Ok thanks. The blackout seems like the simplest method but I'm only afraid that a blackout for 5 days will also wipe out my plants. There is no sunlight on the tank at all but will will have to cover it. 

I will look into erythromycin as an option. 

Will stepping up water changes slow it down?


----------



## default

planter said:


> Ok thanks. The blackout seems like the simplest method but I'm only afraid that a blackout for 5 days will also wipe out my plants. There is no sunlight on the tank at all but will will have to cover it.
> 
> I will look into erythromycin as an option.
> 
> Will stepping up water changes slow it down?


I find plants do not react poorly to a 5 day blackout, they may require some acclimation afterwards to adjust to the changing conditions - this is where diatom, GSA, hair, and BBA would find it the most opportune to take over; to counter that, have a good sized clean up crew and change the water everyday (20-30%), this is where H2O2 comes in very handy if you notice any BBA or staghorn start to form on your hardscape. The tank I had the blackout on did not stall afterwards, the plants were growing new shoots during the blackout and the growth just accelerated afterwards. Just remember, healthy and robust plants will survive the treatment no problem, struggling plants may take a hit, but it's rare that plants would melt or disintegrate in dark situations. Some plants can survive months in darkness, I've had Hygrophila Araguaia in a cup for two months with no light when I was on vacation, lost some leaves, now in a tank and growing brand new leaves daily.

Prior to your treatment manual removal through water changes can help, especially with the the increased o2 and removal of the main bulk of the bacteria. However, right now, you can start the manual removal and do some water changes with cooler waters - this will increase o2 and by the time you're ready for the blackout, the bacteria should be reduced a great deal.

During the treatment, increased surface agitation or an air pump would be beneficial for your livestock.


----------



## planter

Thanks Default I owe you one


----------



## default

Best of luck, keep us posted on your progress!


----------



## cb1021

Manual removal is best. Also you can put tape along the bottom(exterior) to prevent light from shinning there.


----------



## Ryan s

nice scape you have there. really like how you have the stones arranged. all the best with the tank.


----------



## planter

cb1021 said:


> Manual removal is best. Also you can put tape along the bottom(exterior) to prevent light from shinning there.


Never thought of that great idea.

After some consideration and some reading up on the subject I think treating with erythromycin might be the way to go. My wife was shutting the light off when I turned my back. I had to explain to her that the light needs to be kept on or the plants won't grow properly. I'm not about to cover the tank for 5 days in complete darkness lol.

I've been doing daily water changes and trying to scrape as much of it off that I can but this stone is not the easy to clean. I've dropped the temp slightly and reduced the photoperiod. So far I've been able to keep it at bay. I'm going to start treating on Tuesday.


----------



## planter

I had some time today so I was able to pickup some erythromycin and I started treating the tank. I kept the lights off but with most of the BGA growing on the rocks and inside its crevices I am considering removing all of the rock and scrubbing them down. A lot of the plants are also covered with this crap as well. Which means I will more then likely rescape the tank as I will never get it back to the way it is now.

Which fine with me as I have a great layout in mind.


----------



## planter

The erythromycin seems to have worked. The BGA has died off though I am still going to treat until Friday. Just a heads up erythromycin is expensive it cost me over $60 to treat for a week at the recommended dosage. Expensive but effective.

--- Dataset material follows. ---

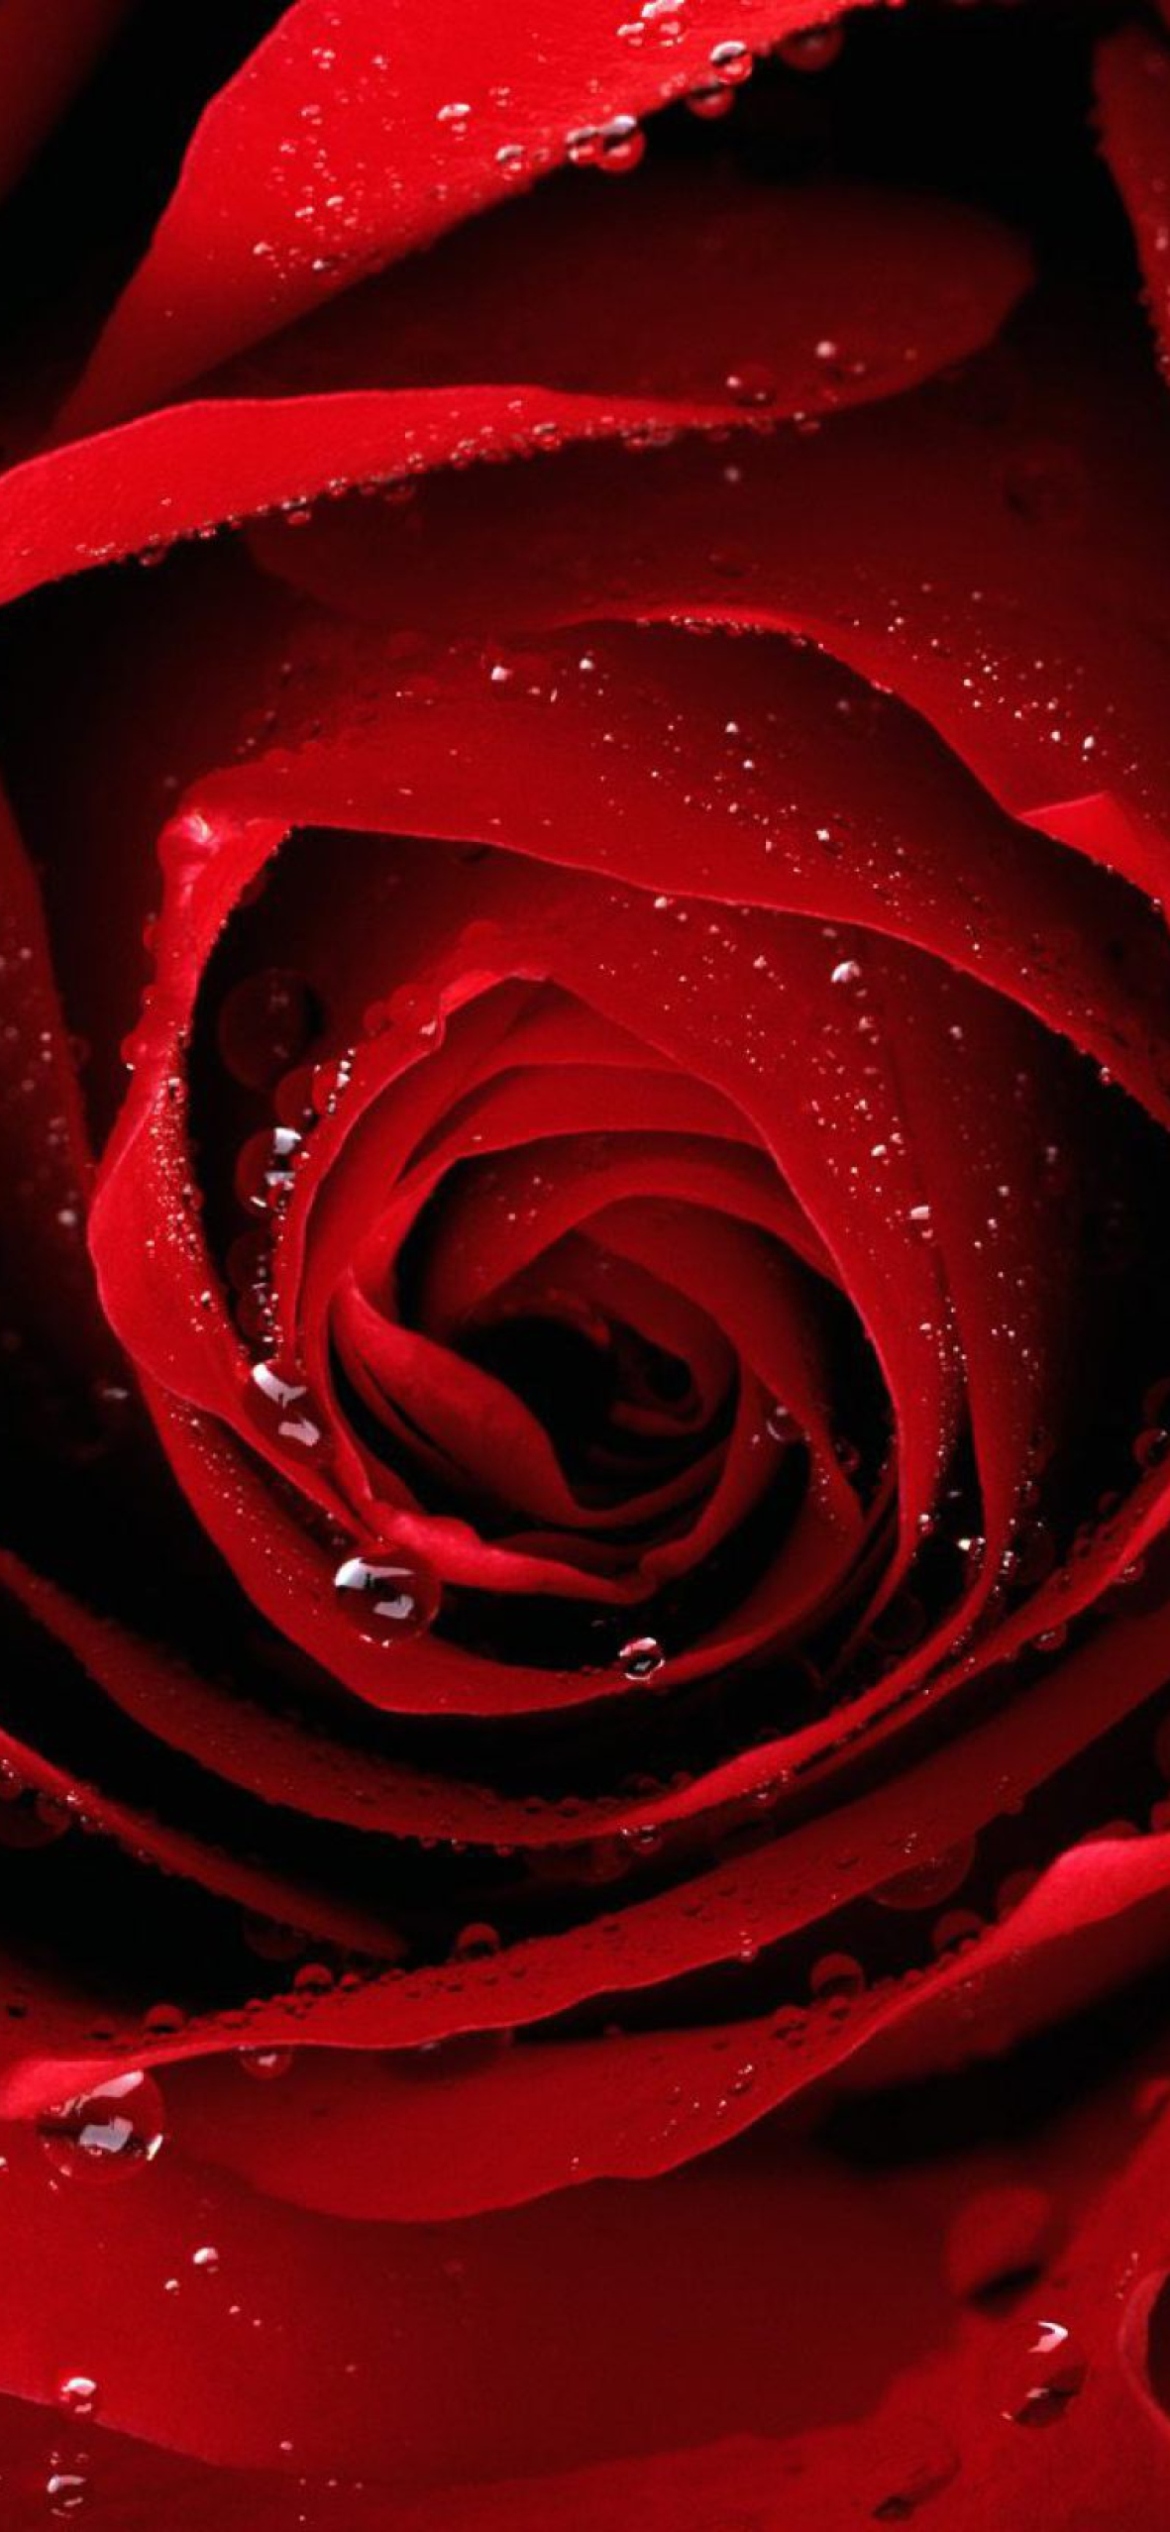 Scarlet Rose With Water Drops wallpaper 1170x2532

I took all of the rock out of the tank today to scrub off most of the BGA. It was impossible to get into every single hole in the rocks. I also removed all of the plants to clean off the BGA. A good sign that this stuff is dead was that it came off the rock rather easy and there was no smell at all. With all of the rocks and plants out I decided to rescape the tank. I split of the HC, Blyxa and replanted. I also trimmed the ludwigia. I'm happy with the new scape. I also added some fish that were sitting in quarantine since Friday last week. I added some more bolivian rams, a small school of celestial pearl danios, some harlequin rasboras and some lamp eye killifish. I think I'm done with fish.

I just finished everything an hour ago and the tank is cloudy from all of the moving around. I will post pictures tomorrow.


----------



## planter

Updated pictures


----------



## default

The new scape is looking fantastic!

And congratulations on beating the BGA!


----------



## planter

Thanks Default.

I'm considering on adding a background. Something simple, all black most likely.


----------



## default

planter said:


> Thanks Default.
> 
> I'm considering on adding a background. Something simple, all black most likely.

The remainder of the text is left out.